Опять этот кроличий визг; повис на секунду в воздухе и затих. Словно какое-то древнее зловредство, неспособное вынести свет истины, рассеялось в прах… нет, не буду позволять себе подобных фантазий. Она была женщина, рожденная женщиной. Будем смотреть на нее так… Больная или дрянная? Теперь уже этот вопрос трудностей не вызывает. Отвергнув все сверхъестественные теории (гостья из космоса, визгливая вампирша-крольчиха), я также не намерен считать ее безумной. Космические ящерицы, неумирающие кровососы и психически больные избавлены от нравственного суда, а Ума такой суд заслужила. Она была инсан (человек), а вовсе не insane (сумасшедшая).

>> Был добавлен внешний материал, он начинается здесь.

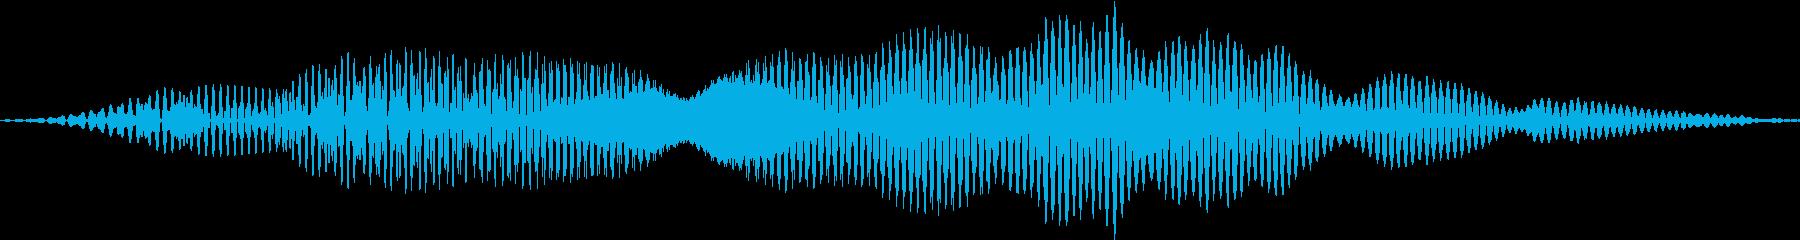 ヒョイッ(かわいい カーソル ジャンプ)の再生済みの波形

Ведь это тоже присуще нам, людям. Мы сеятели ветров, пожинатели бурь. Есть среди нас такие – не ино-, а инсанопланетяне – что жиреют на опустошении; что не могут жить без регулярной подпитки бесчинствами. Такова была и моя Ума.
Шесть лет! Шесть Аурориных, двенадцать Мавровых лет потеряно. Моя мать умерла в шестьдесят три года; я тогда выглядел на шестьдесят. Нас могли бы принять за брата и сестру. Мы могли бы стать друзьями. «Мне нужен твой ответ», – сказал отец на бегах. Да, он вправе на него рассчитывать. Это должна быть бесхитростная правда: все как есть про Уму и Аурору, про Аурору и меня, про меня и Уму Сарасвати, мою ведьму. Я должен буду выложить все и отдать себя на его суд. Как там говорил Юл Бриннер в «Десяти заповедях», одетый по фараоновской моде (довольно соблазнительная короткая юбочка)? «Так и записать. Так и сделать».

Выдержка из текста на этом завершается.